Aim of the exercise. In your copy, include every line of the listing below exactly but none of the pictures.

Dataset section.
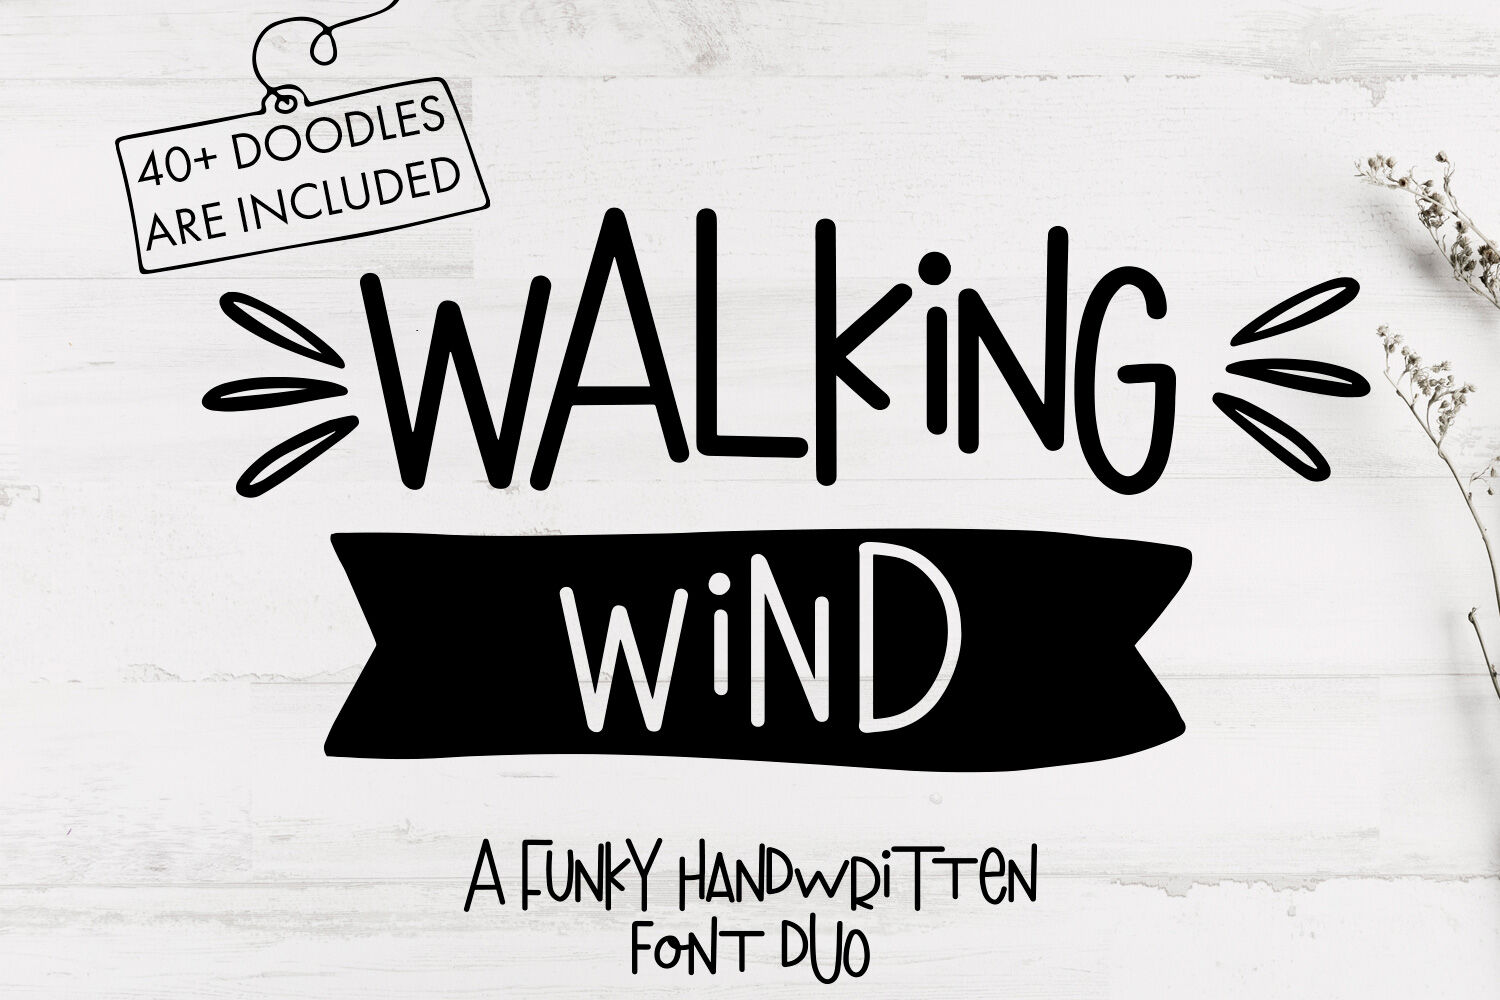 Walking Wind A Funky Handwritten Font Duo With Doodles By Freeling Design House Thehungryjpeg Com
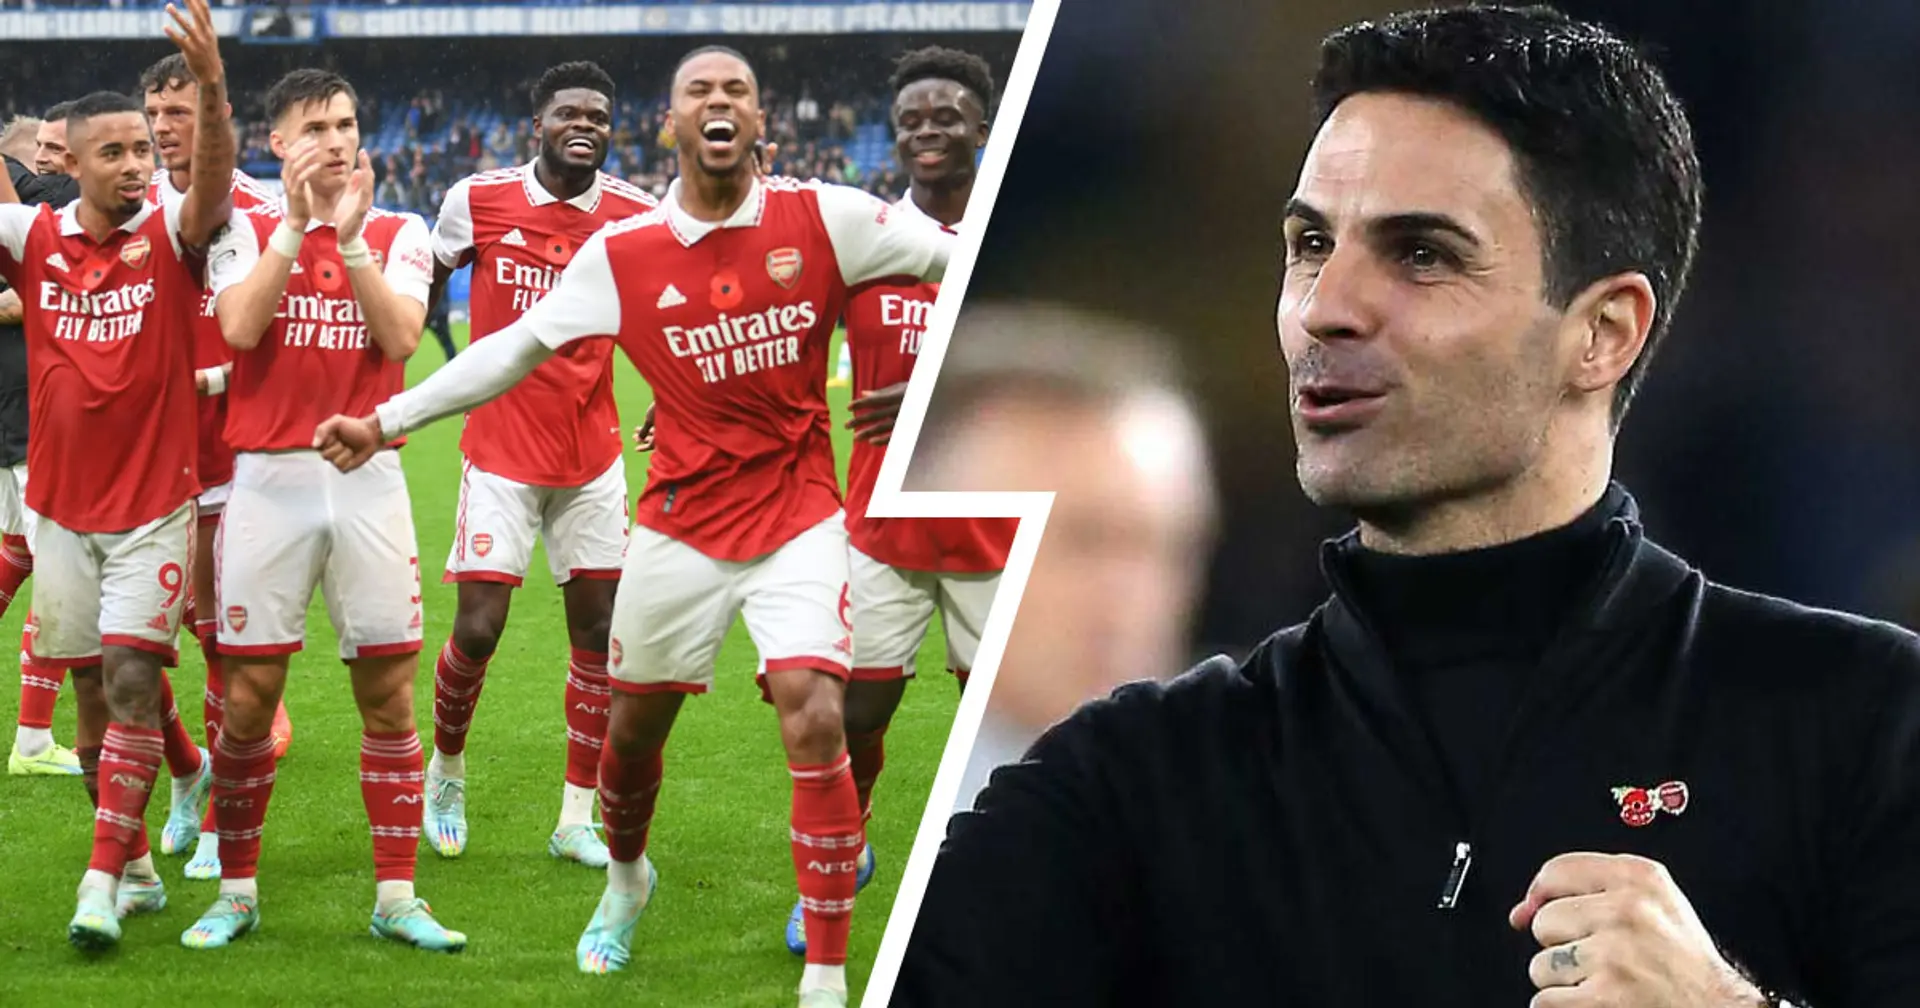 Arsenal to take part in Dubai Super Cup & 3 more big stories you might've missed
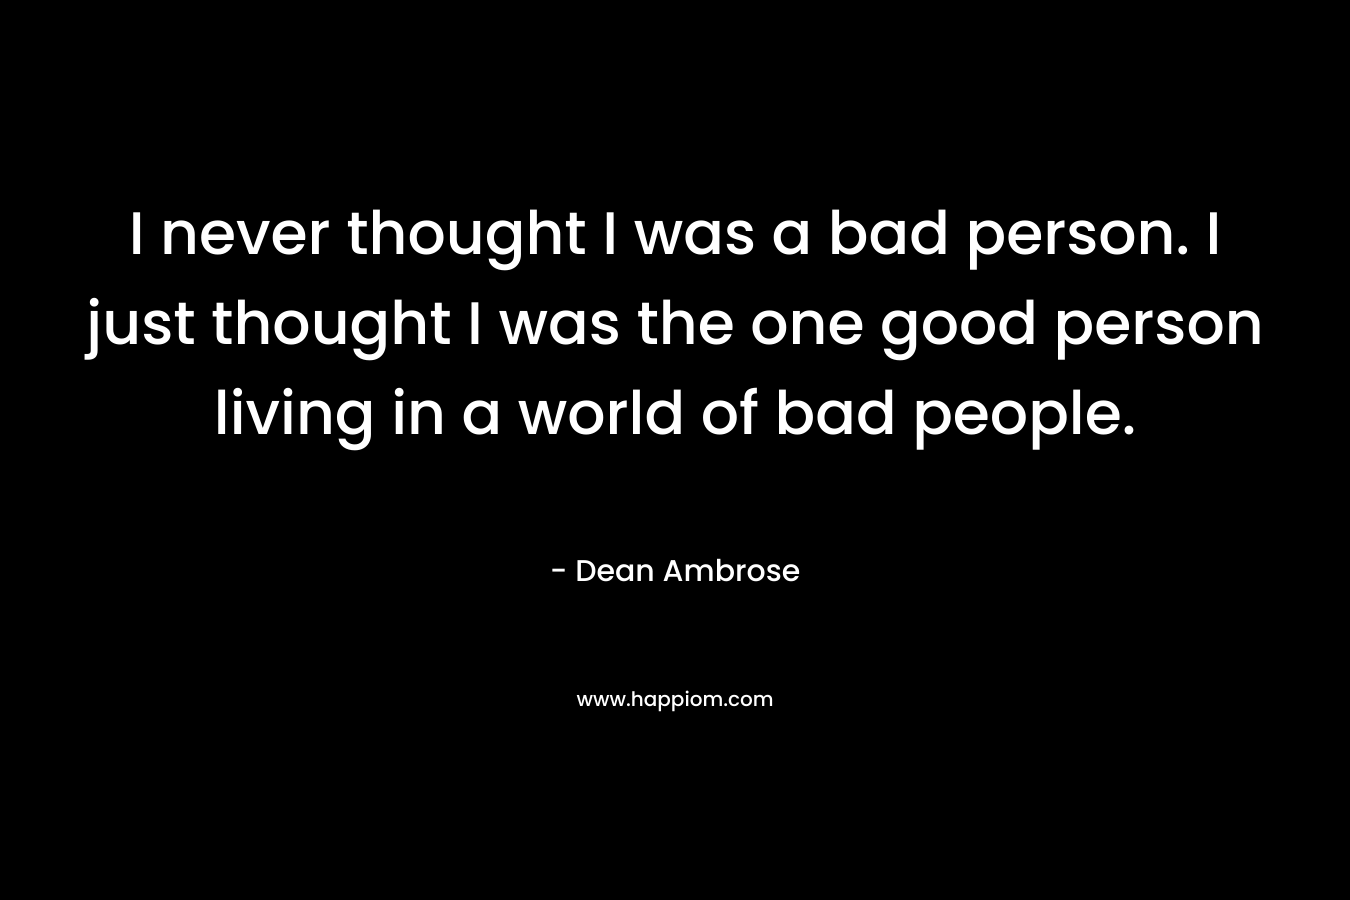 I never thought I was a bad person. I just thought I was the one good person living in a world of bad people.

Response to this task.
 Walking Wind A Funky Handwritten Font Duo With Doodles By Freeling Design House Thehungryjpeg Com
 Arsenal to take part in Dubai Super Cup & 3 more big stories you might've missed
 I never thought I was a bad person. I just thought I was the one good person living in a world of bad people.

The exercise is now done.